Staatsanwalt will lange Haftstrafe für mutmaßlichen Brandstifter
Lange Haftstrafe oder Freispruch – mit gegensätzlichen Forderungen des Staatsanwalts und des Verteidigers nähert sich der Prozess um das niedergebrannte Flüchtlingsheim in Groß Strömkendorf dem Ende.
Im Prozess um das niedergebrannte Flüchtlingsheim in Groß Strömkendorf (Kreis Nordwestmecklenburg) hat der Staatsanwalt sieben Jahre und sechs Monate Gefängnis für den angeklagten Feuerwehrmann beantragt. Er ist überzeugt, dass der 33-Jährige am 19. Oktober 2022 am Reetdach des ehemaligen Hotels "Schäfereck" Feuer gelegt hat. 14 Ukrainer und drei Betreuer konnten das Haus, das Platz für 70 Betten hatte, rechtzeitig verlassen. Der Staatsanwalt machte den Angeklagten auch für sechs weitere Brände in der Umgebung von Blowatz verantwortlich: Drei kleine Waldstücke, eine Strohmiete, ein Carport und ein Reetdachhaus gingen seit Mai 2022 in Flammen auf.

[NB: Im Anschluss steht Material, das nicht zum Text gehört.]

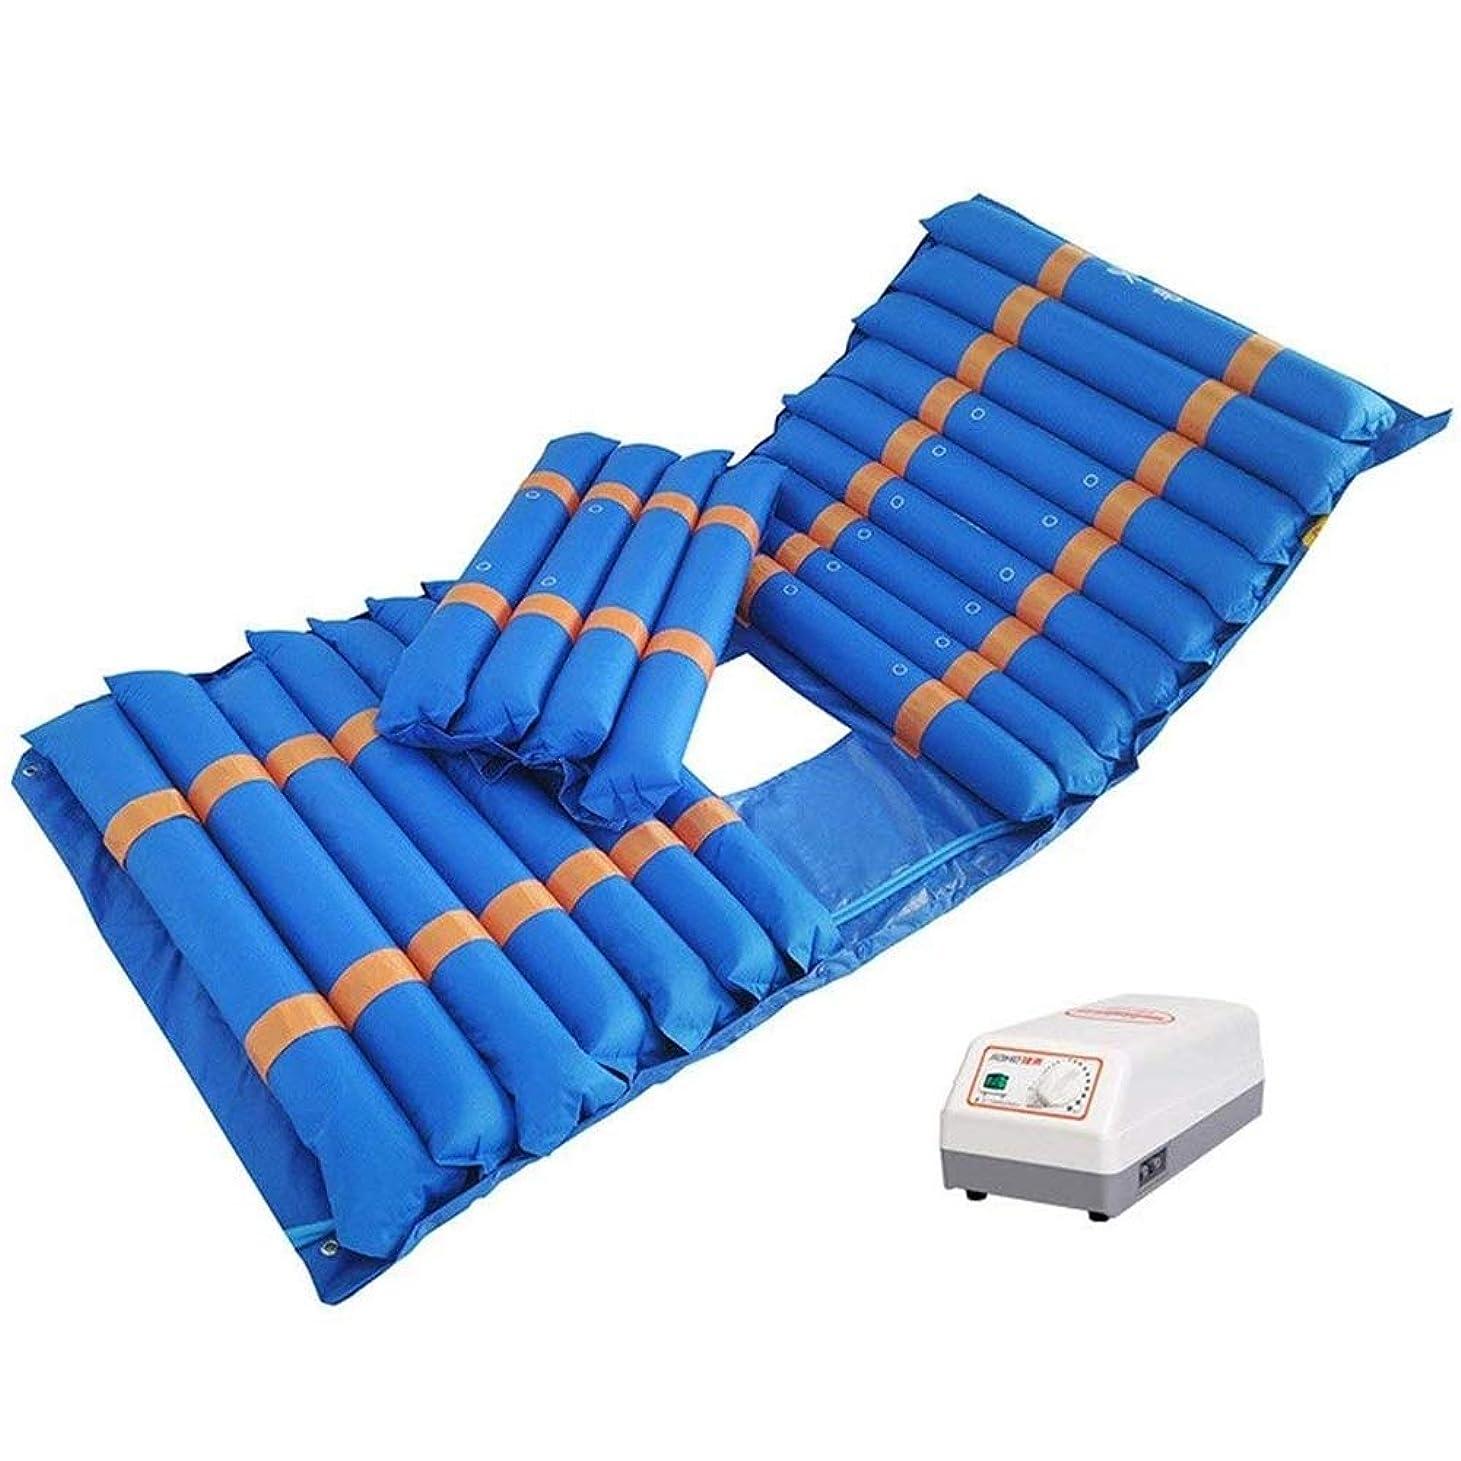 スカープクレタ誤解を招く褥瘡対策用エアマットレス、ポンプ付き空気圧マットレス、床ずれ治療用のインフレータブルベッドエアトッパー

Von Groß Strömkendorf nach Blowatz sind es fünf Kilometer, dort war der Angeklagte in der Freiwilligen Feuerwehr aktiv.
Staatsanwalt: Verräterische Handydaten
Laut Staatsanwalt war das Handy des Angeklagten zum Beispiel in allen Fällen in den Funkzellen registriert, in deren Gebiet kurz darauf ein Feuer ausbrach. Es widerspreche der Lebenserfahrung, dass es reiner Zufall sei, wenn auch zahlreiche Indizien auf die Täterschaft des Angeklagten hinweisen. An allen Löscheinsätzen war der 33-Jährige beteiligt. Zudem habe er sich als Zeuge in mehrere Widersprüche verwickelt und verräterische Chat-Nachrichten mit seiner Freundin ausgetauscht.
Sein Motiv sei es gewesen, Löscheinsätze zu provozieren, bei denen er beim Löschen dabei sein kann. Der Verteidiger forderte einen Freispruch. Unter anderem seien die Funkzellendaten viel zu ungenau, um auf eine Nähe zwischen Brandort und dem Handy des Angeklagten zu schließen. Zudem gebe es keine unmittelbaren Tatzeugen und keine Spuren, die auf den Angeklagten deuten. Es fehle auch ein Motiv.
Vor Gericht schwieg der Angeklagte
Während des Prozesses schwieg der Angeklagte zu den Vorwürfen. Zeugen schilderten ihn als eifrigen und ehrgeizigen Feuerwehrmann, der auch dem Wehrführer der Gemeinde die Stirn bot. Das Gericht will am 8. Dezember das Urteil verkünden. Welche Argumente die Strafkammer am ehesten überzeugen, ist offen. Allerdings hat sie im Juli während des laufenden Verfahrens den Angeklagten aus der Untersuchungshaft entlassen. Bis dahin hatte die Beweisaufnahme aus Sicht der Richter offenbar keinen dringenden Tatverdacht gegen den Angeklagten untermauern können.
Prominente Politikerinnen am Tatort
Weil kurz vor dem Feuer in Groß Strömkendorf ein Hakenkreuz an ein Schild vor dem Flüchtlingsheim geschmiert wurde, vermuteten die Ermittler anfangs einen politischen Hintergrund. Bundesinnenministerin Nancy Faeser (SPD) und Ministerpräsidentin Manuela Schwesig (SPD) eilten - bundesweit beachtet - zum Brandort und warnten vor Fremdenhass. Die Einheimischen fühlten sich dadurch zu Unrecht an den Pranger gestellt.
Kein Hinweis auf politisches Motiv gefunden
Fallanalytiker hatten schon vor dem Großbrand begonnen, die ungewöhnliche Häufung der Feuer in der Region unter die Lupe zu nehmen. Achtzehn Brände, so ein Profiler vor Gericht, trugen die Handschrift eines einzigen Täters. Hinweise auf politische Motive fanden sie nicht. Da habe jemand zumindest anfangs verhalten gezündelt, der löschen, aber keinen großen Schaden anrichten wollte. Als sie der Sonderkommission den Ermittlern rieten, sich auf die Feuerwehren der Region zu fokussieren, hatten diese den Angeklagten bereits im Visier. Allerdings nur für sieben der Brandstiftungen glaubt der Staatsanwalt genügend Beweise gefunden zu haben.